Yup, know this headache too well. Certain parts I've revised umpteen times. Gone back to original files, and rejigged this that and the other. Even enlarged parts - some items close to 1:20 to print and durability, but to fit onto model.

Almost like building a jigsaw in reverse.


----------



## CliffyJ (Apr 29, 2009)

Same here. It's one thing to design the model, and quite a second effort to package all the pieces to get to a reasonable cost. 

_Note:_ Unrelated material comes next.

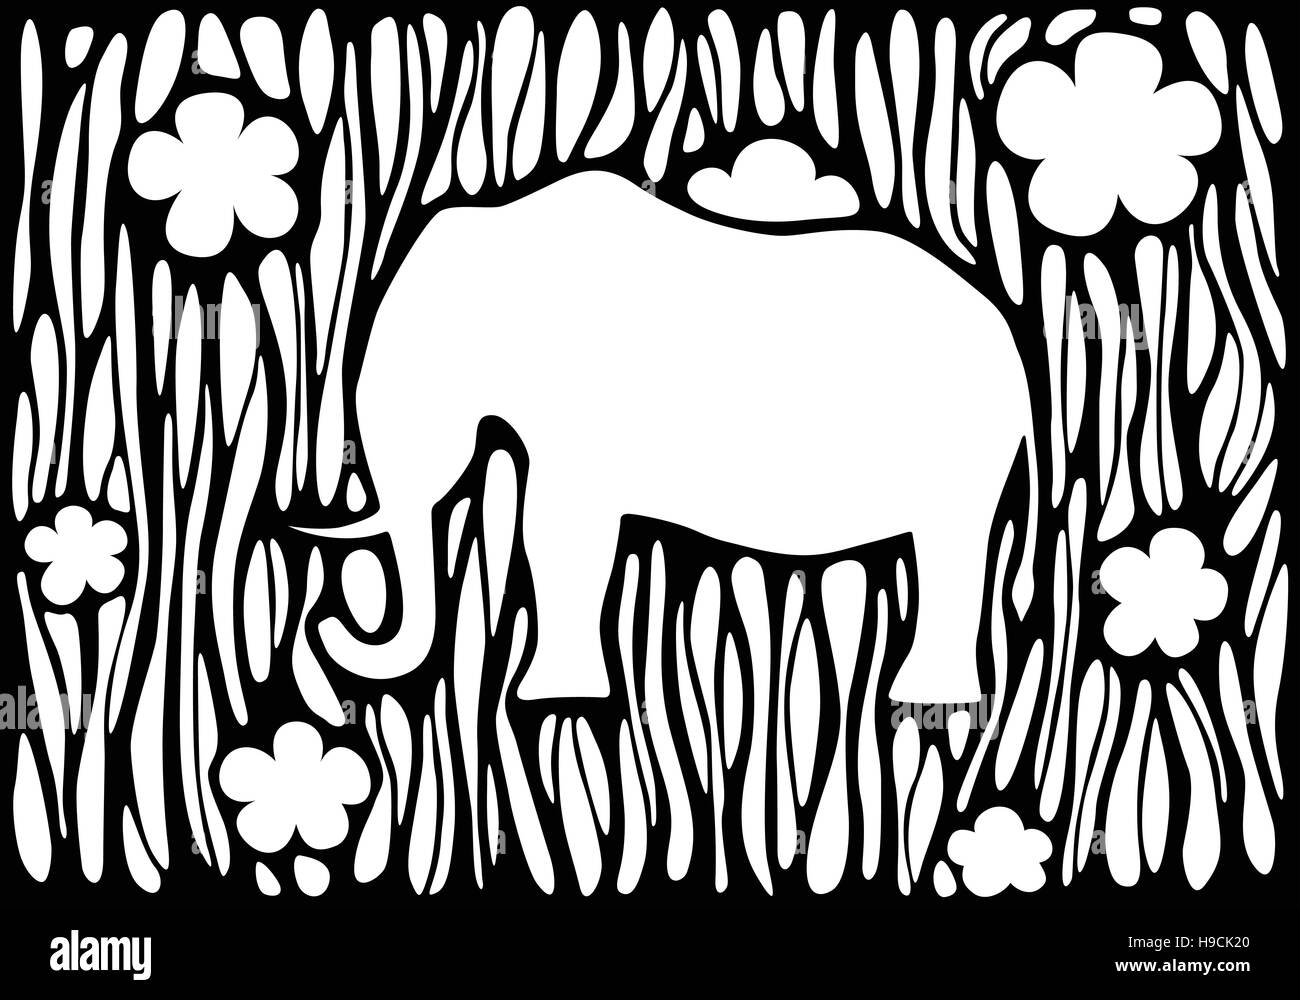 Grafischen Silhouette eines Elefanten auf einem abstrakten Hintergrund Stock Vektor

Before the Shapeways price hike, I didn't bother connecting all the pieces. Now that they put a per-piece adder, all my old stuff is way too expensive. So I'll have to revisit everything again and add the connectors & so forth.

Nice work Burl,
Cliff


----------



## harvey (Dec 30, 2008)

Nice to see the man behind the mask.
Cheers.


----------



## Burl (Jan 2, 2008)

I got my latest revision of printed nylon parts last week. I got around to seeing how they fit together today:











There's a couple things I need to revise in the drawing, but I think I almost have this finalized. 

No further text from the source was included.